I would maybe try topping it up and seeing if that makes a difference, before making a trip to the dealer. You are safe from speed limiting when you're at 25% so it's low risk.


----------



## theonlypheonix (Oct 8, 2015)

Diesel... in the last 1000 miles I topped it off twice but it stayed right on 25%? Do you know what type sensor is use for level detection? Is it just a basic float type which could be prone to stick esp if exposed with to allow crusty DEF to form as the level drops?


----------



## Canadian Cruzer (Oct 27, 2014)

theonlypheonix said:


> Well I guess it is off to the service dept, this is second problem now with the Cruze. I filled up the DEF with 2.5 gal @ DEF DIC of 25% and 1000 miles later still have a DEF DIC of 25% :th_down:. Is there any special way you need to reset the DIC like you do with the engine oil??


I had the same problem and the dealer had to reset it in software.


----------



## theonlypheonix (Oct 8, 2015)

Canadian Cruzer said:


> I had the same problem and the dealer had to reset it in software.

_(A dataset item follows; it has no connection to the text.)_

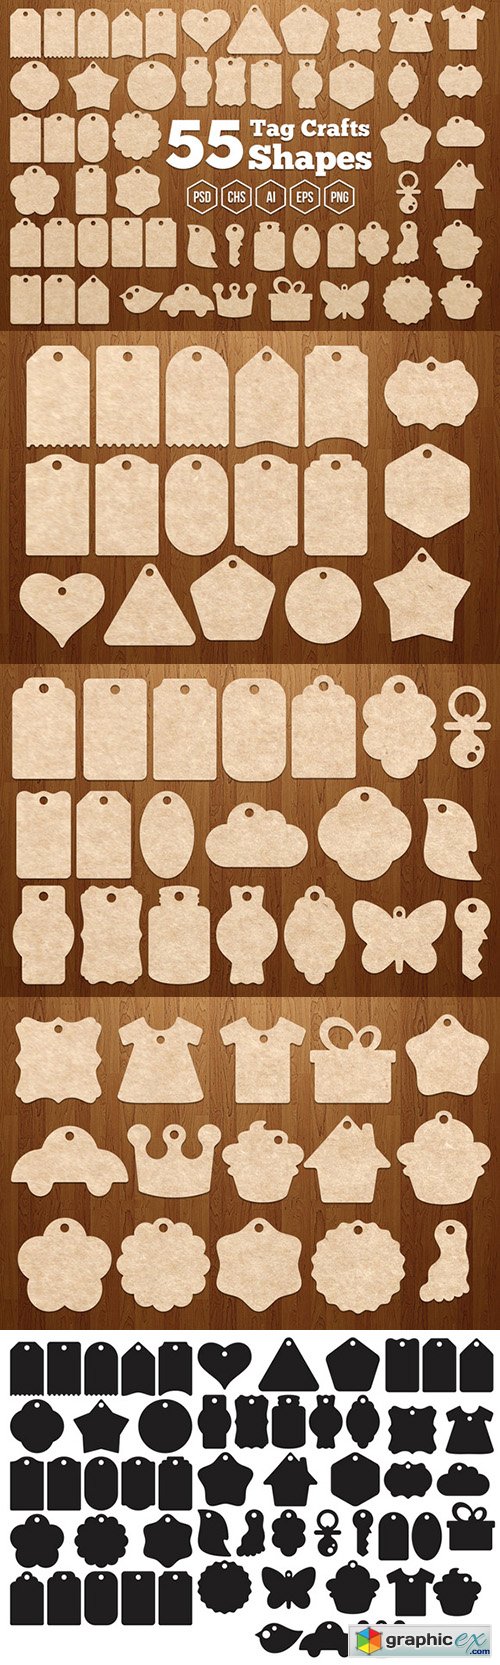 55 Tag Crafts Shapes

Sounds like a bug in their software algorithm, doesn't know whether the level is coming down or going up so it just stays where its at.:dazed052: So let me understand this... every time your DEF fluid gets low and the owner replenishes it you must take it to a service shop to have them reset the counter/timer? I hope they don't make you pay for this a second time, first time was when your bought the car. Because the next time it will be the third and ripe for lemon law claim. Who pays for our time and trouble to bring the car in each time the DEF timer needs to be reset!!???

The Cruze software saw the DEF level dropping and it indicated the 35% point, then saw 25% and now its in the mode of still waiting to see the level drop below the 10% level sensor unfortunately I must have tricked it by filling up before the level dropped to that point?:uhh: Don't you just love electronics and computer programs, it keeps so many of us employed in the "Matrix".

Other infamous legacy software bugs include:



Smart ship USS Yorktown was left dead in the water in 1997 for nearly 3 hours after a divide by zero error. 
NASA Mars Polar Lander was destroyed because its flight software mistook vibrations due to atmospheric turbulence for evidence that the vehicle had landed and shut off the engines 40 meters from the Martian surface. 
etc 
etc 
2014/2015 Cruze Diesel (smart charging that's not so smart, smart level detectors that are dumb, etc, etc)! 
 


Lets just add more micro's , they've invaded and possessed our coffee pots now... they're taking over the world!! 

HAL?? Hello HAL... its me your friend. No... its...its the "Forbin Project " real life, they all have cameras and sensors to spy on us humans and report back to the mother ship in the "CLOUD" ... ONTAR :dazed002:. HAL...HAL wake me up out of this nightmare... HALLLLLL... I did not conspire with Dave to unplug you!!
:signs053::tongue4::dazed002:mg::dizzy::signs006::hellno::sarcasm:


Now where was the XXXX RESET BUTTON FOR THE CRUZE, on mine the assembler must have forgot to put it in?:question: It seems kind of critical since the car can be disabled at times when the dealers are closed or at times during critical operation of the vehicle. SOUNDS LIKE A RECALL IS NECESSARY HERE!!!! 

HELLO HAL/GM!!!


----------



## Canadian Cruzer (Oct 27, 2014)

This only happened to me ONCE at 16,000 kilometers (10,000 miles). I now have 25'000 kilometers and so the level has not yet reached 35%. I think when the dealer reset they may have updated the software. I will say that I am wondering what will happen when I hit 35% again and top up!


----------



## diesel (Jun 8, 2013)

theonlypheonix said:


> Diesel... in the last 1000 miles I topped it off twice but it stayed right on 25%? Do you know what type sensor is use for level detection? Is it just a basic float type which could be prone to stick esp if exposed with to allow crusty DEF to form as the level drops?


I vaguely recall it't not an actual sensor but there's some way it guesstimates the level, but only once it hits 35%. Someone more technical than I am could explain it. 

Someone else had the same issue in this thread

http://www.cruzetalk.com/forum/201-...l-discussion/118962-def-level-indication.html


----------



## RachelJael (Oct 12, 2019)

theonlypheonix said:


> Well I guess it is off to the service dept, this is second problem (software bug??) now with the Cruze. I filled up the DEF with 2.5 gal @ DEF DIC of 25% and 1000 miles later still have a DEF DIC of 25% :th_down:. Is there any special way you need to reset the DIC like you do with the engine oil??


I’m having the same issue. SO frustrating on top of everything else!!!


----------



## mkohan (Dec 19, 2015)

Mine resets automatically


----------



## RachelJael (Oct 12, 2019)

mkohan said:


> Mine resets automatically


Mine did too, up until this last top up. I’m just coming up on 223, 0000 km right now. My oxygen sensor needs replacing for the third time too! Tired of fixing this car. That’s all I’ve been doing since I drove it off the lot.


----------